■ WHAT THE EXERCISE ASKS
Please transcribe the data below exactly. Leave the pictures out.

■ RECORDED DATA

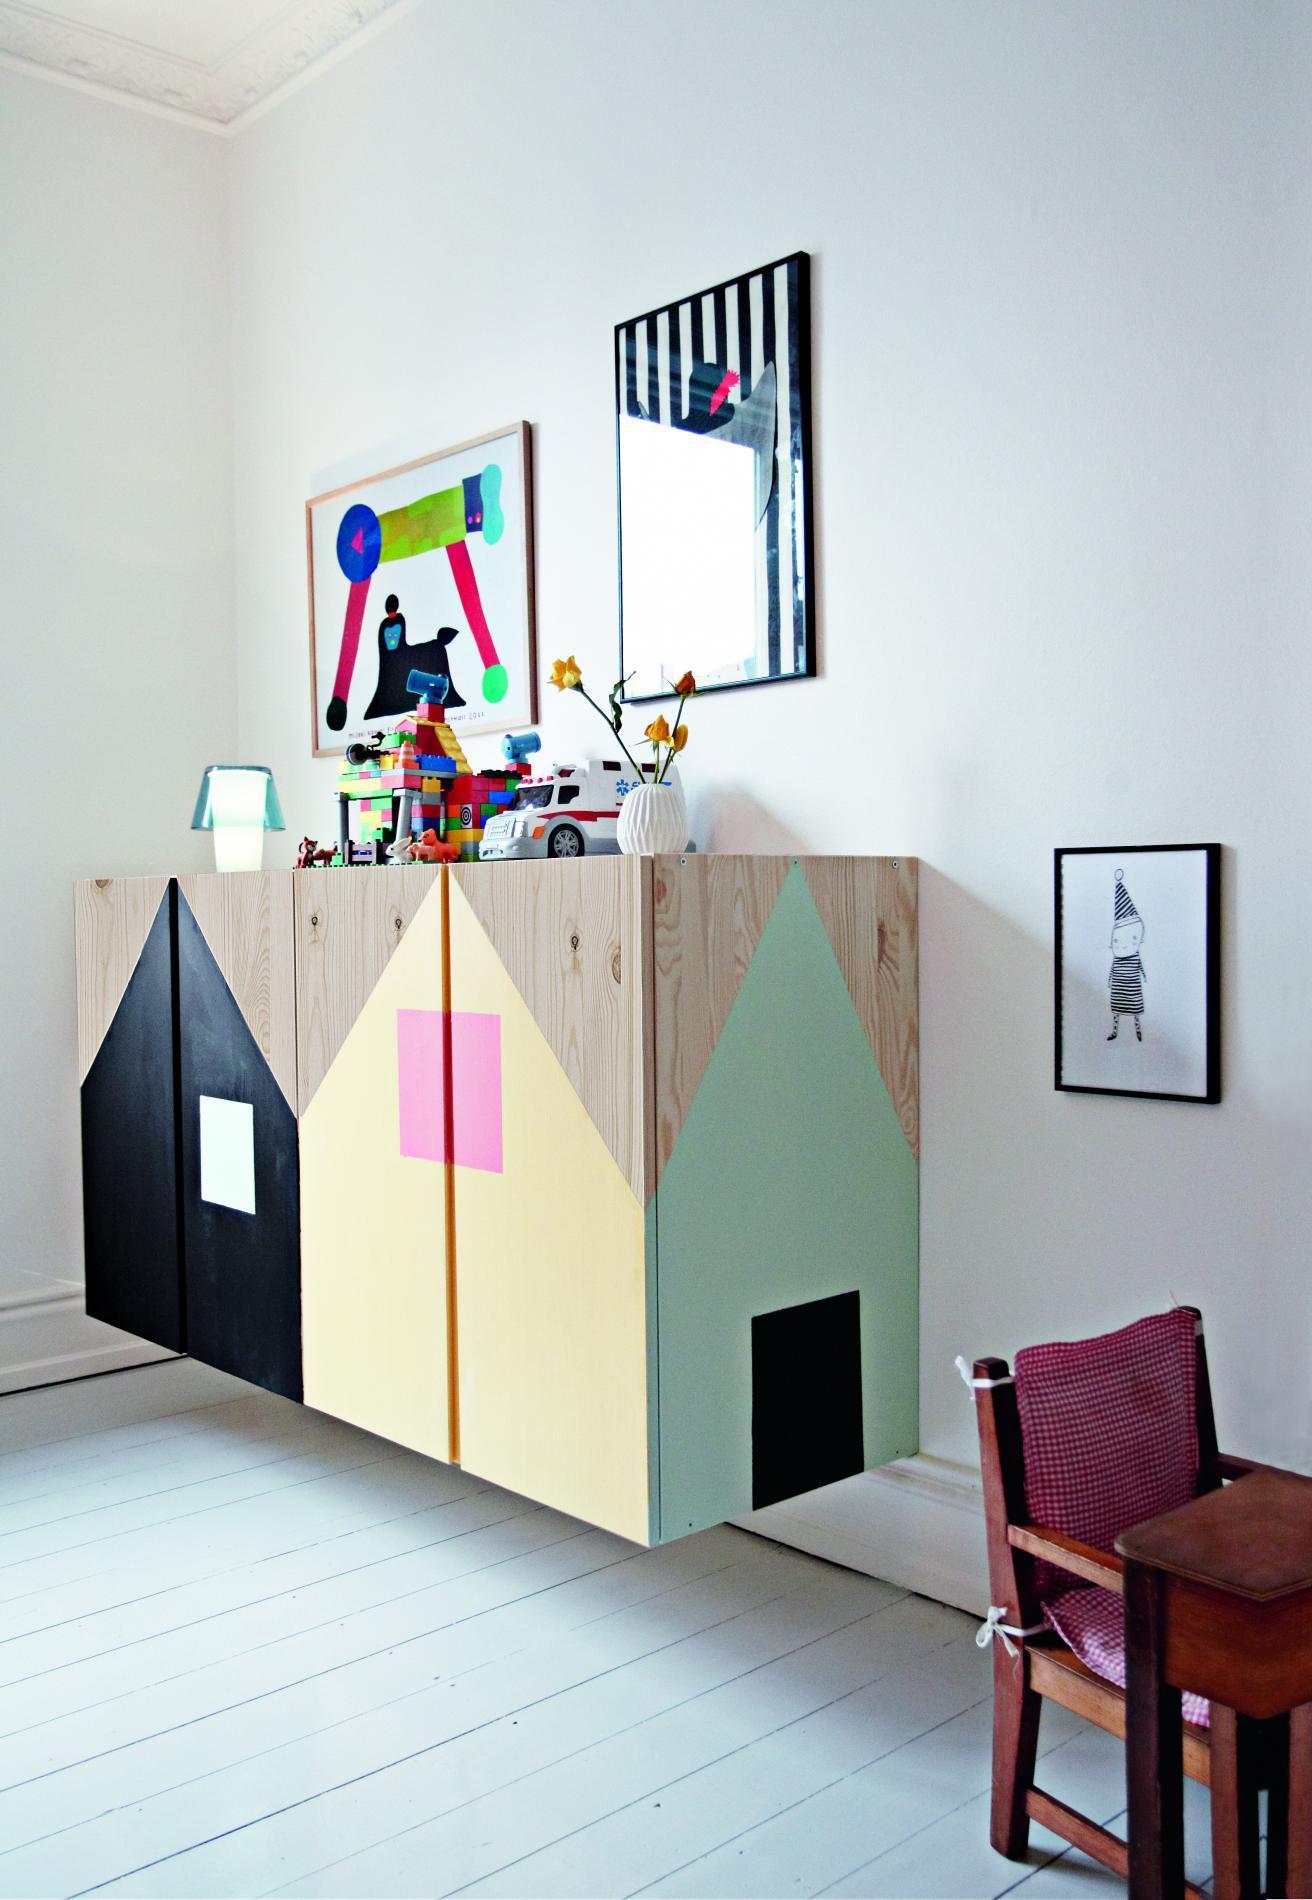 Panneau En Liège Ikea ikea hacks : comment donner une deuxième jeunesse à vos
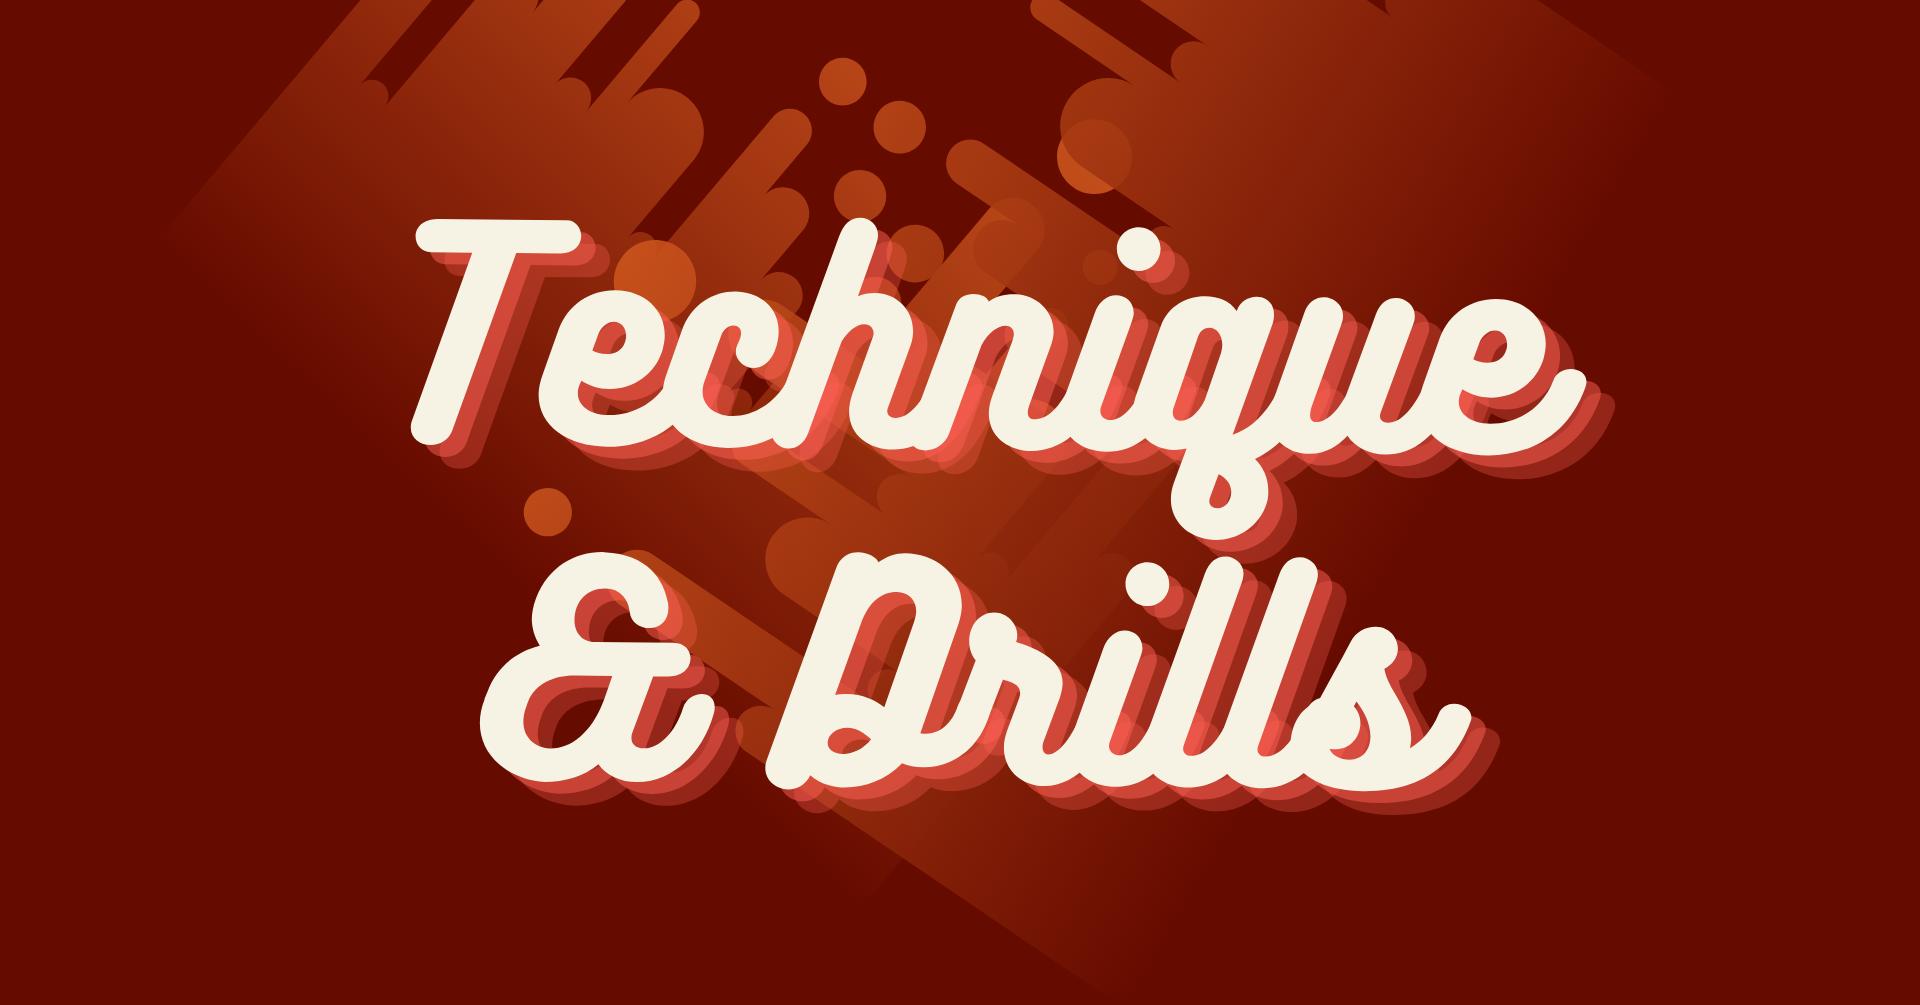 Technique & Drills
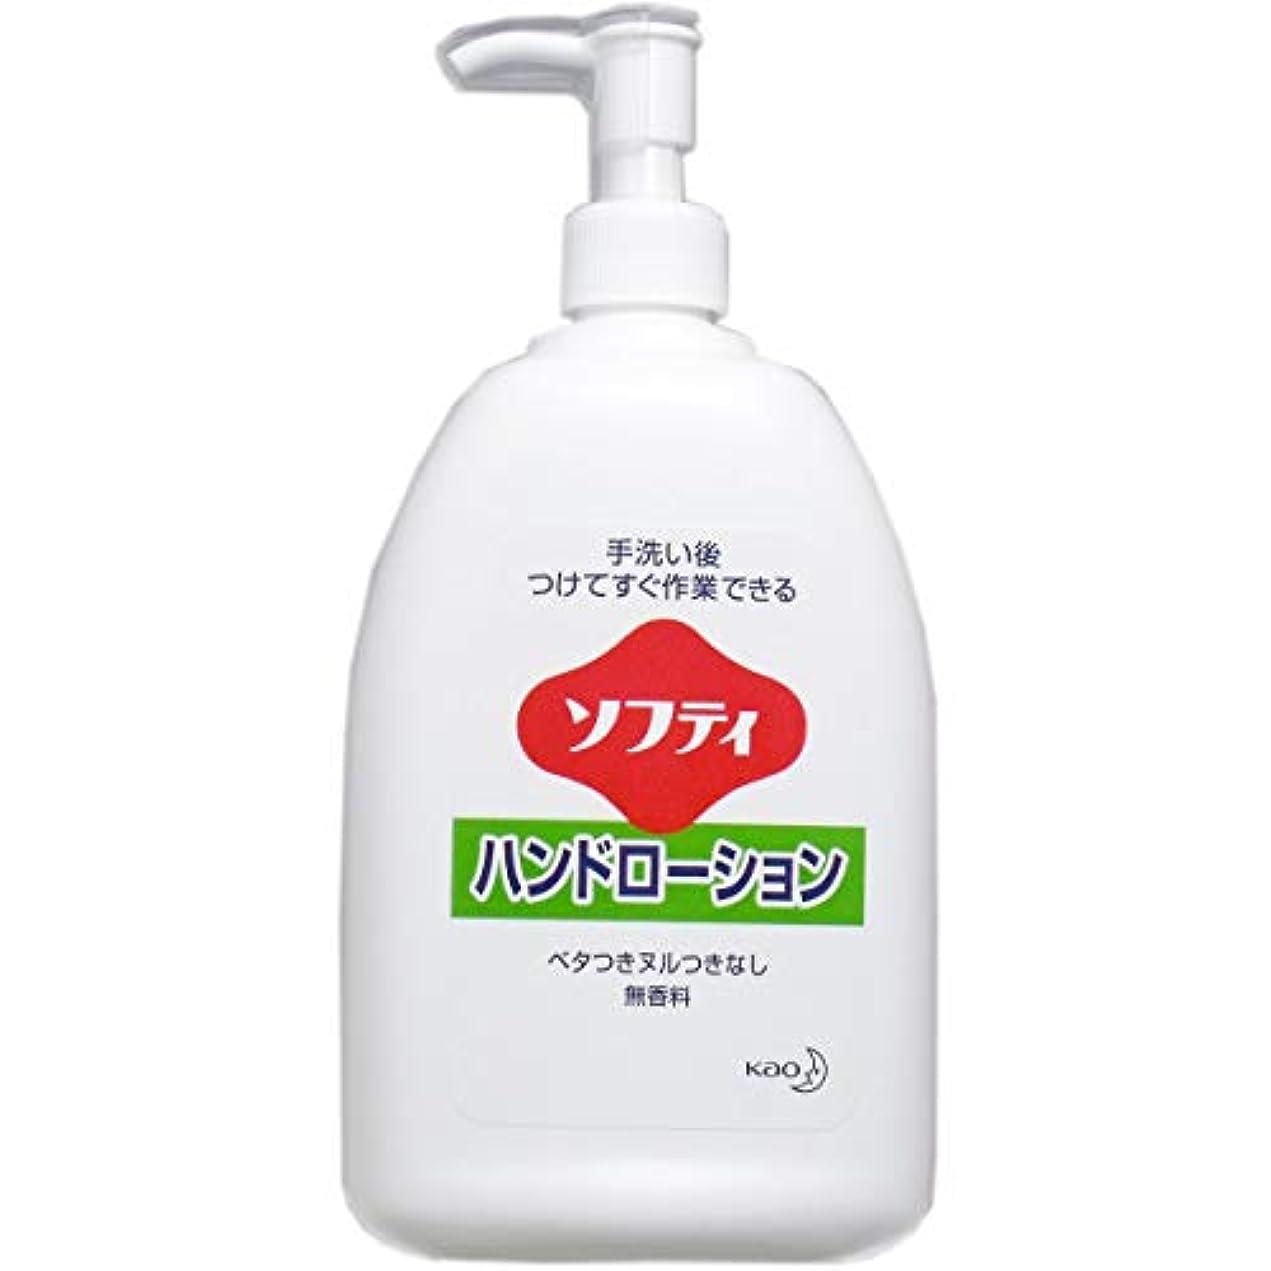 ロッド届ける貧困花王ソフティ ハンドローション 無香料 550mL×2個セット

■ SOLUTION FOR THIS TASK
 Panneau En Liège Ikea ikea hacks : comment donner une deuxième jeunesse à vos
 Technique & Drills
 ロッド届ける貧困花王ソフティ ハンドローション 無香料 550mL×2個セット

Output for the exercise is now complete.